Sunday, July 8, 2012

The Good Old Days...Or Not


People have begun to look at me like I’m crazy when I describe how things used to be when I was younger. I don’t really blame them because some of the things seem just so far-fetched. Take cigarette smoking for example. One of my earliest childhood memories is being in a doctor’s office with my mother and both of my older brothers. When the doctor finished his examination, he sat down and lit up a cigarette in his exam room, with three little kids sitting there. No one thought there was anything wrong with it.

My dad used to smoke in the car with my brothers and I all sitting in the backseat. Years later, I was discussing it with my brother, Gary, and we both recalled the nicotine rush we would get from the second hand smoke when he would first light up. We all worked at dad’s grocery store when we were just kids. The cigarette salesmen used to come in with pockets full of cash. They would buy all of the smokers working there a pack of cigarettes, even us kids (we started smoking young, since we already had a head start). I think I was about twelve years old when I received a pack from one of the salesmen. Talk about your merchants of death.

Smoking was ubiquitous; no one gave it a second thought. You could smoke walking down the aisle of the supermarket and no one mentioned it if you flicked ashes on the floor or ground out the butt when you finished. I remember going to lunch with four other guys from work one Saturday afternoon, and all of us lit a cigarette when we sat down. There wasn’t a no-smoking section either, it was acceptable to smoke anywhere in the restaurant, and no one made a peep. I can also remember visiting a friend in the hospital, I don’t think we were even old enough to drive at the time, or only one of us could. Three or four of us would crowd on his side of a double room, and we would all light up, including the patient. The poor guy on the other side of the room wouldn’t say a thing.
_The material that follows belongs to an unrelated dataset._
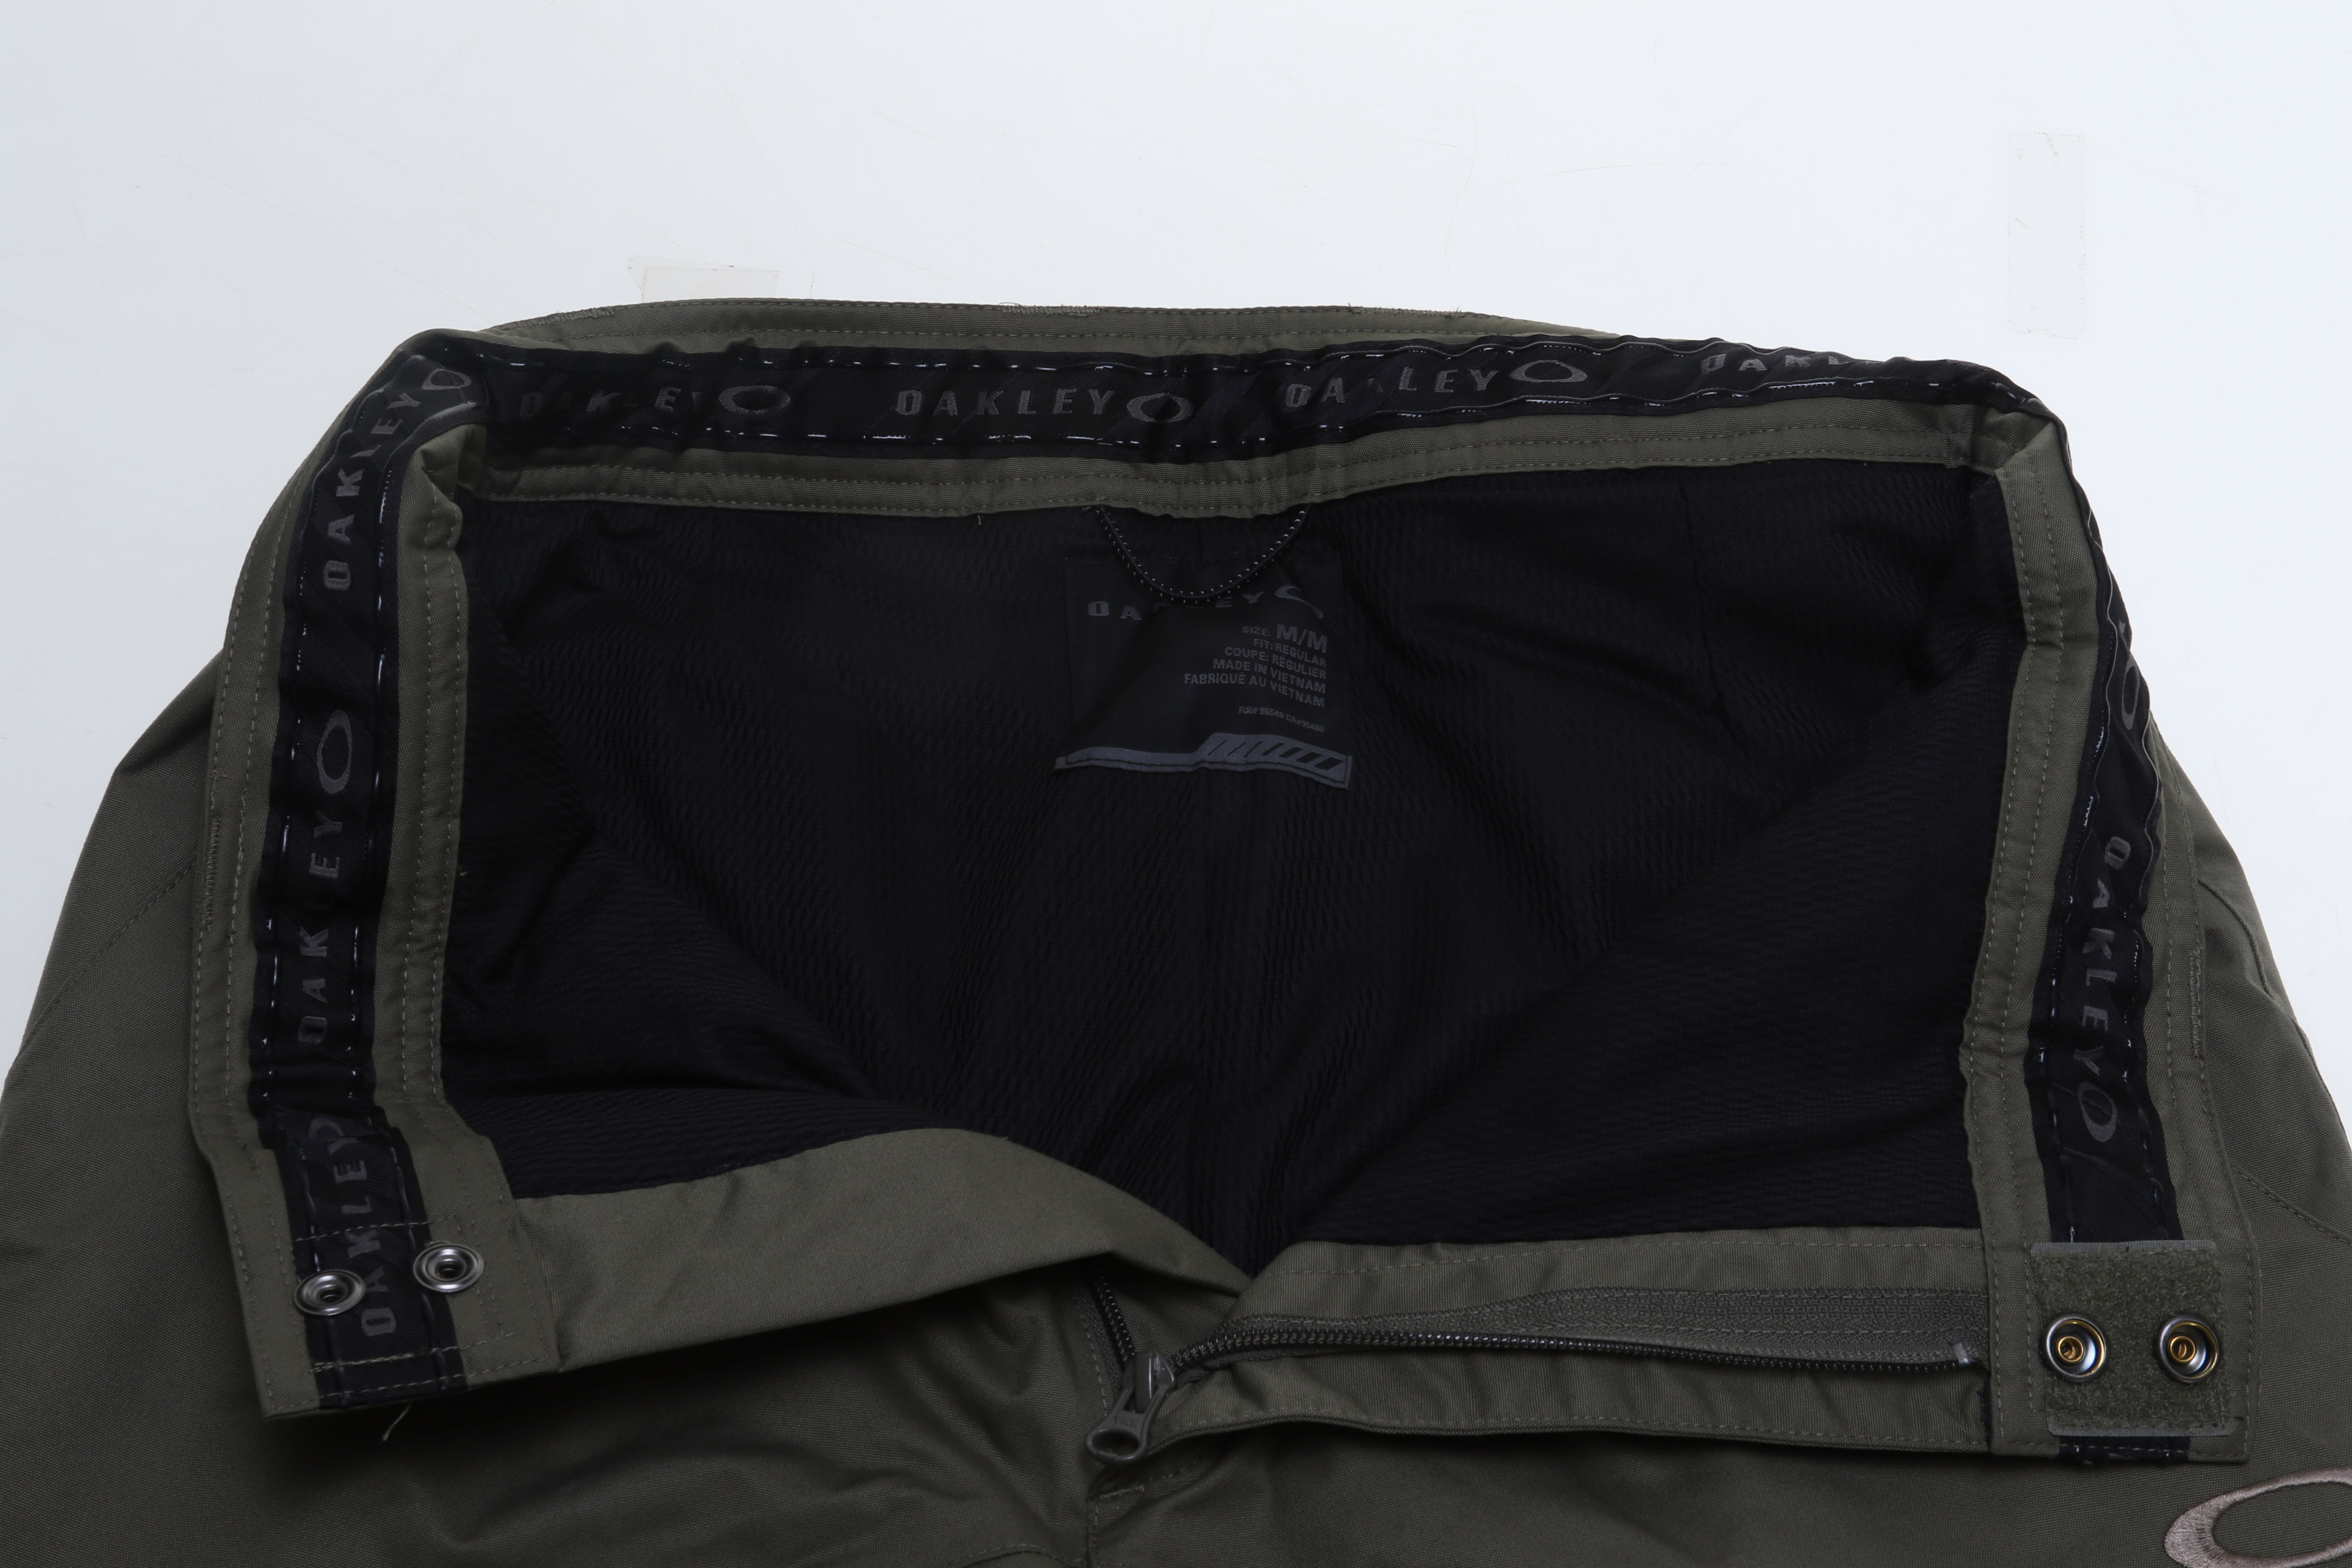 1dee8f3d96 Oakley Task Force Insulated Cargo Pants - Bitterroot Public Library

Recently, there was a TV show about air travel in the early 1960’s, Pan Am, which portrayed the time when the first commercial jets (Boeing 707s) went into service. It showed some people smoking in the airplanes, but I remarked to my mother that it didn’t seem realistic, since not enough people were smoking. She agreed, telling me that she thought she would pass-out from all the smoke (she’s never smoked) on a flight to Hawaii once. The series Mad Men comes closer to the reality of the situation, where everyone in the office is puffing away. I can recall being on a flight from Dallas to Chicago in the early ‘70’s. I was fifteen or sixteen, maybe even younger, but for some reason, I was flying alone. After the “No Smoking” light went off, just about everyone in the back sections of First Class and Coach (they had segregated smoking sections by then) lit up a smoke. There was an older gentleman seated next to me, probably in his 60’s, who asked me if  he could bum a smoke from me. He explained that he normally smoked a pipe, but the airlines didn’t let you smoke pipes or cigars on planes, only cigarettes.

What really blows the minds of younger people is when I tell them that the first year I was in college (1974-75), we were allowed to smoke in the classroom, during instruction. I remember more than one teacher bumming cigarettes from the students. After the first year, they made us smoke in the halls, before class. I can’t remember if it was during graduate school, or later, that they finally made everyone smoke outside.

So where is all this going, you may ask? Am I recommending a return to the wide-open days of yore? Of course not, given what we now know about smoking, it would be inconceivable to want to return to past ways. Yet as we make progress in other areas, there are those among us who would have us return to the “Good Old Days” for the sake of saving money, under that all-powerful guise of “creating jobs”. If we relax air and water quality standards, we’ll be able to create more jobs. Never mind that China is currently poisoning its entire domestic water supply in the name of manufacturing efficiency. If we lower the minimum wage (or eliminate it entirely---let the market decide) it will create more jobs. Should we do away with child labor laws as well? It’s been suggested, and it would create more jobs. Or are we content to buy our clothing from overseas, where some one else’s child made it?

The loudest current scream comes from those who would have us do away with the new Affordable Care Act, a mild attempt to create universal health care in the one remaining industrialized nation without it. “It is a job killer,” they argue. “We can’t afford it,” they warn. The weird thing is, they said the same thing when smoking bans started. They cried and fretted when President Nixon signed into law the bill that created the Environmental Protection Agency, leading to cleaner air and safer water. Historically, they also had bad things to say about child labor laws and minimum wage laws. Oh yeah, Social Security and Medicare gave them major hissy fits as well. I believe at the time they were labeled “Communism” and “the beginning of socialized medicine in the United States”, respectively.

I’m not a Communist, or even a Socialist, not even close. When I left business school with my MBA, I was a follower of the Chicago school of economics, where it was thought that free, unregulated markets worked best. Experience has taught me that we do need some regulation to hold back the negative aspects of unfettered greed. Refer to the economic meltdown of 2008 if you don’t agree. We could discuss it, but if you don’t believe it by now, I doubt if you’re susceptible to reason.

So, should we turn back the clock? Should we return to the glories of the good old days? Let me light up a smoke and…hack, hack…think about it.